What Are Drug Crimes?

Drug crimes are violations of laws that involve any combination of manufacturing, distributing, or using drugs that U.S. federal or state governments classify as illicit substances. This could mean growing the opium poppy, dealing heroin on the streets, or using cocaine. There are a lot of different types of drug crimes. This lesson goes over some examples and then explains why using an illicit drug is (generally, given some differing state and federal laws) a crime.

Examples of Drug Crimes

So what are some examples of drug crimes? Some drug crimes involve offenses that directly counteract a set law regulating or prohibiting the use, possession, manufacture, or distribution of illicit drugs. These crimes are called drug-defined offenses. For example, there are laws against the cultivation of marijuana. If you ignore these laws and grow marijuana in your basement with artificial lighting and irrigation, you're committing a drug-defined offense. There are also laws against distributing and possessing drugs. If you are caught transporting cocaine in a false door or bottom of your car, you've committed another drug-defined offense.

Other drug crimes have less to do with violating a specific law regulating the manufacture, distribution, or possession of drugs and more to do with drug-related offenses. For instance, someone might commit a crime partly because of the influence of the drug they're on. That's a drug-related offense. This could be assaulting someone while under the influence of a drug.

Another example of a drug-related offense is stealing money from your mom or from a local convenience store to get money to support your drug habit. A crime committed with respect to drug distribution, like shooting a rival drug dealer, is a drug-related offense as well.

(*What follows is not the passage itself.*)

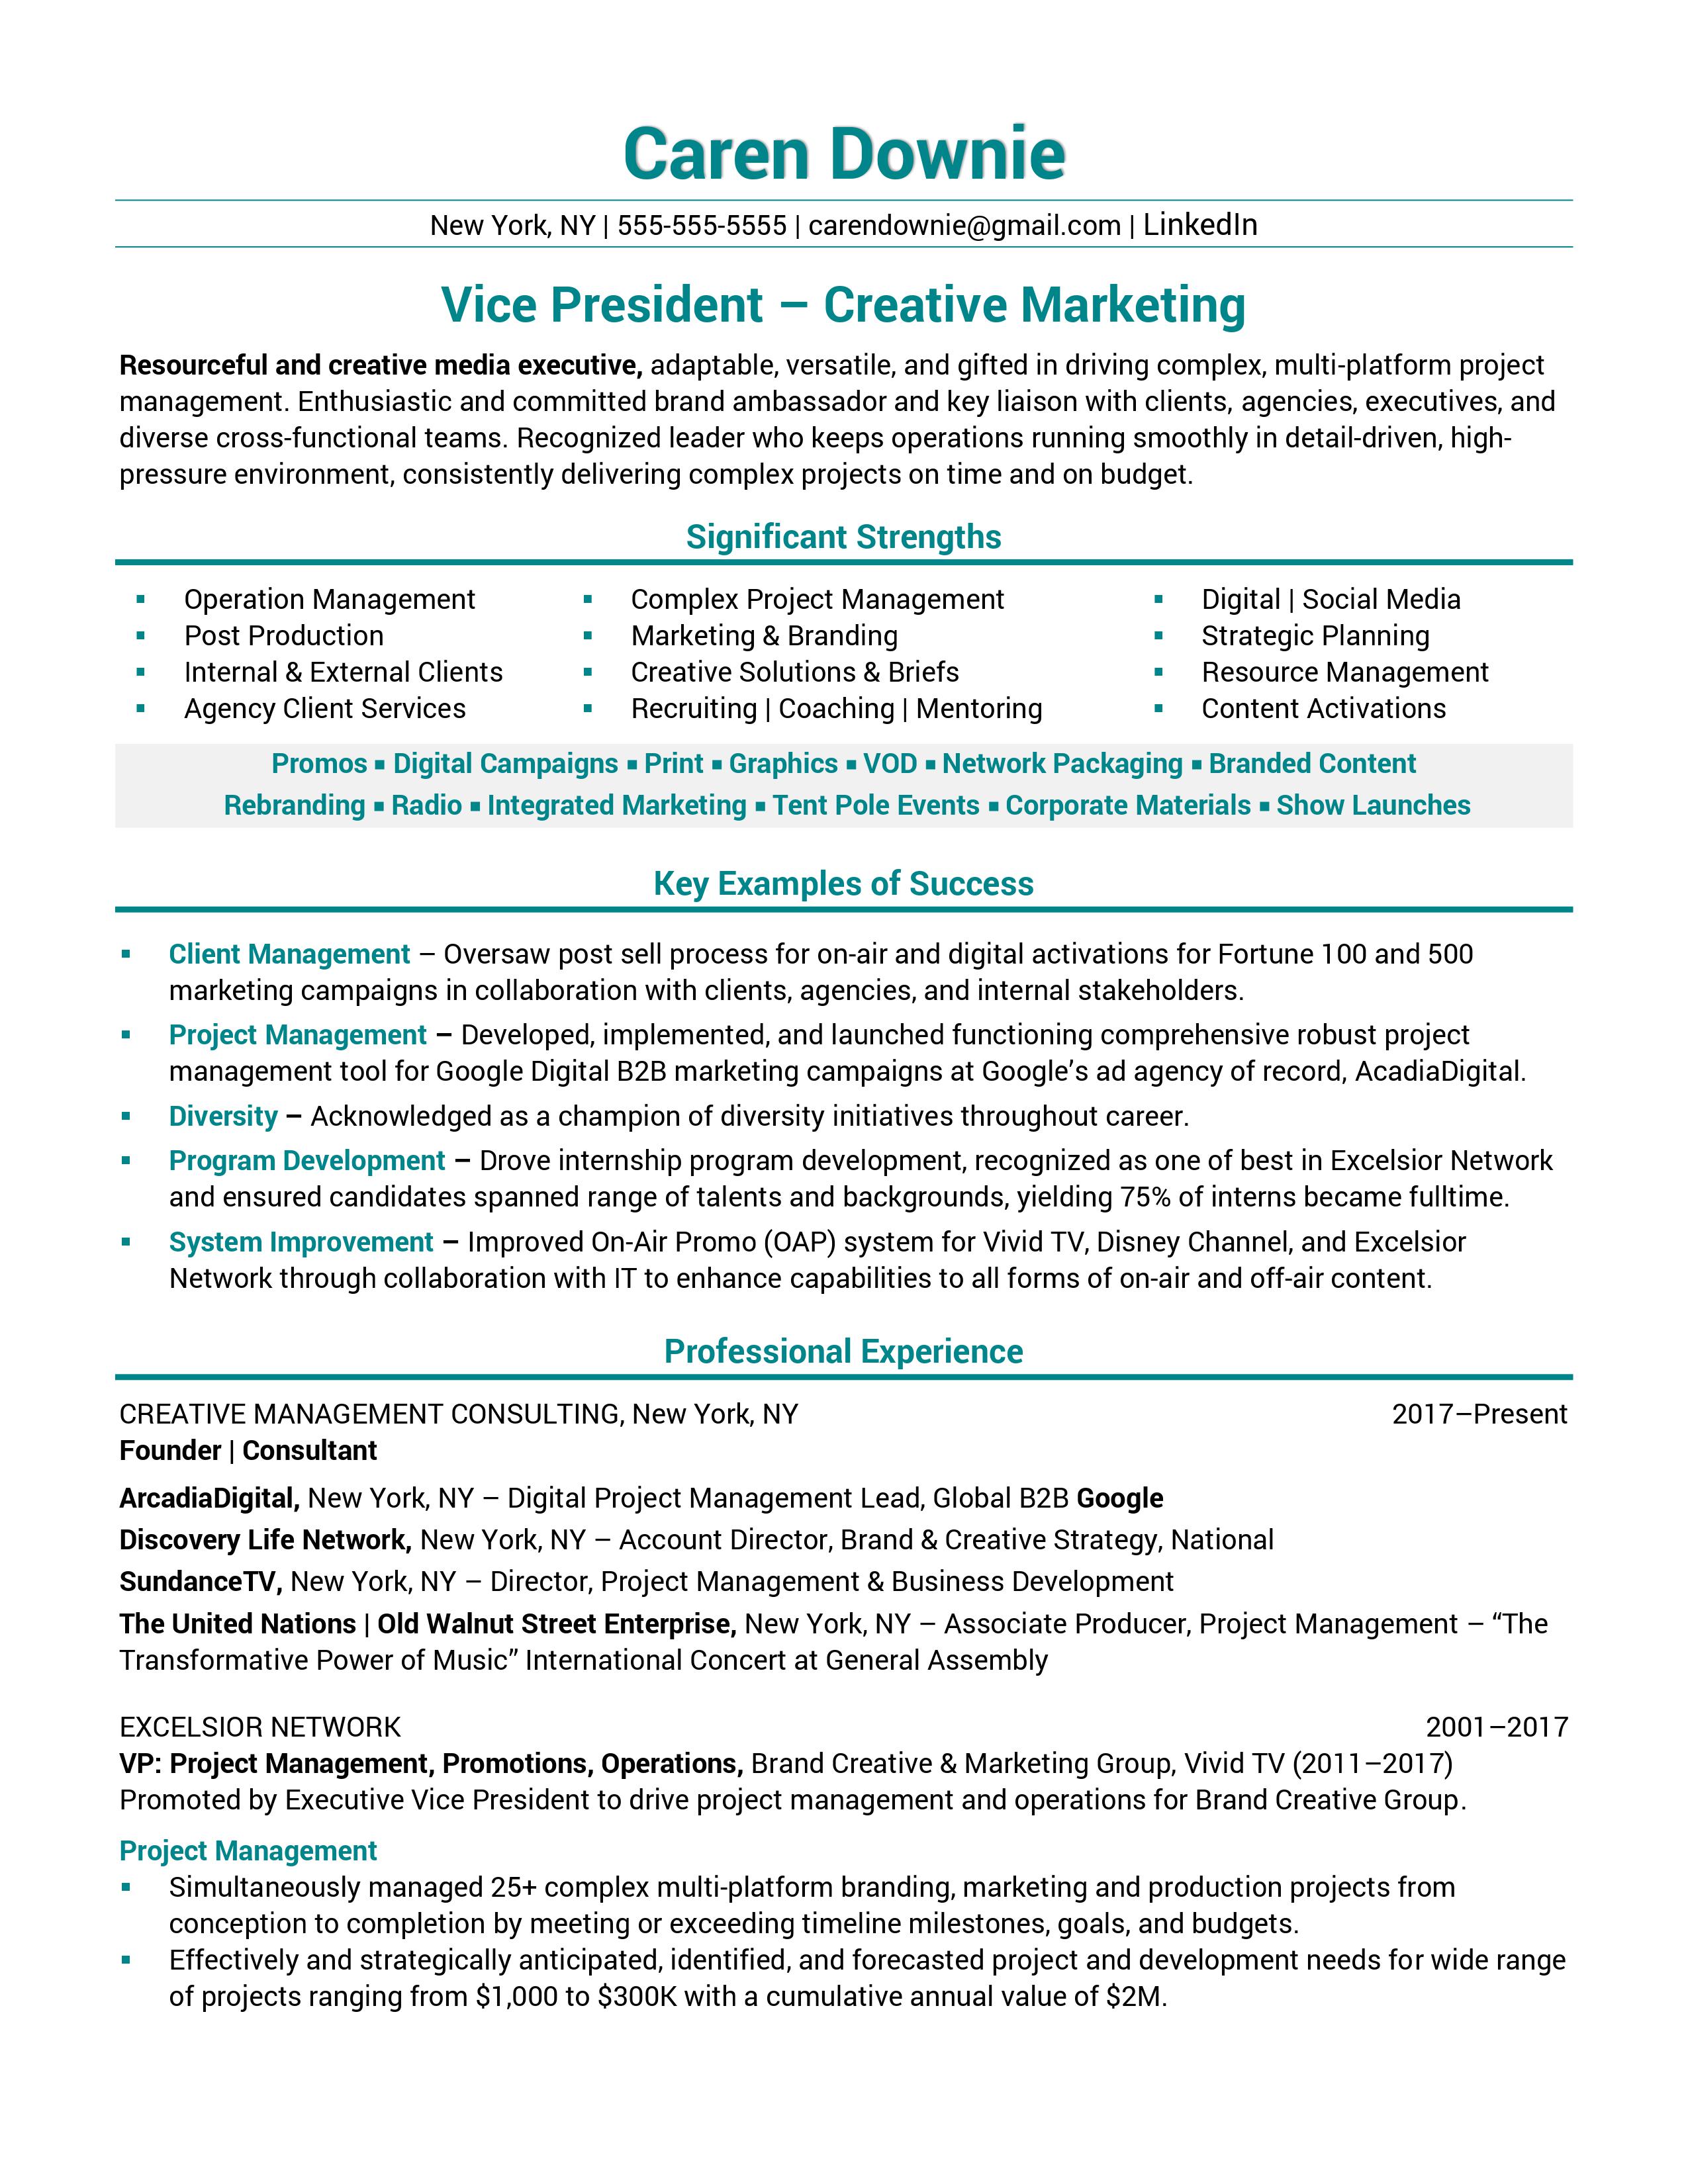 Vice President Creative Marketing Resume Sample 1

Using and abusing a drug is (largely) a crime as well. But why? Why is it a crime to do something like this in the privacy of your own home? You mght argue that it's one thing to manufacture or distribute a drug but a personal choice such as drug use shouldn't be a crime.

Personal vs. Public Harm

There is more than one school of thought on this. One obvious answer to why it's a crime involves what you've already learned: drug-related offenses. While the choice to use a drug is yours, the effects of the drug use might not always be limited to you. Your driving while high might end up killing someone. Your state of mind might lead you to assault someone else. Thus, personal drug use can become a very real public danger.

Another good reason to criminalize the use of drugs is for personal protection. Some drugs are highly addictive and might lead to serious personal, economic, physical and mental collapse, and ultimately, death. Society creates laws to try and minimize the chances that one of its own dies for something as meaningless as, say, heroin. It's not beneficial to society at large to experience mental or physical decay for any reason, drugs included.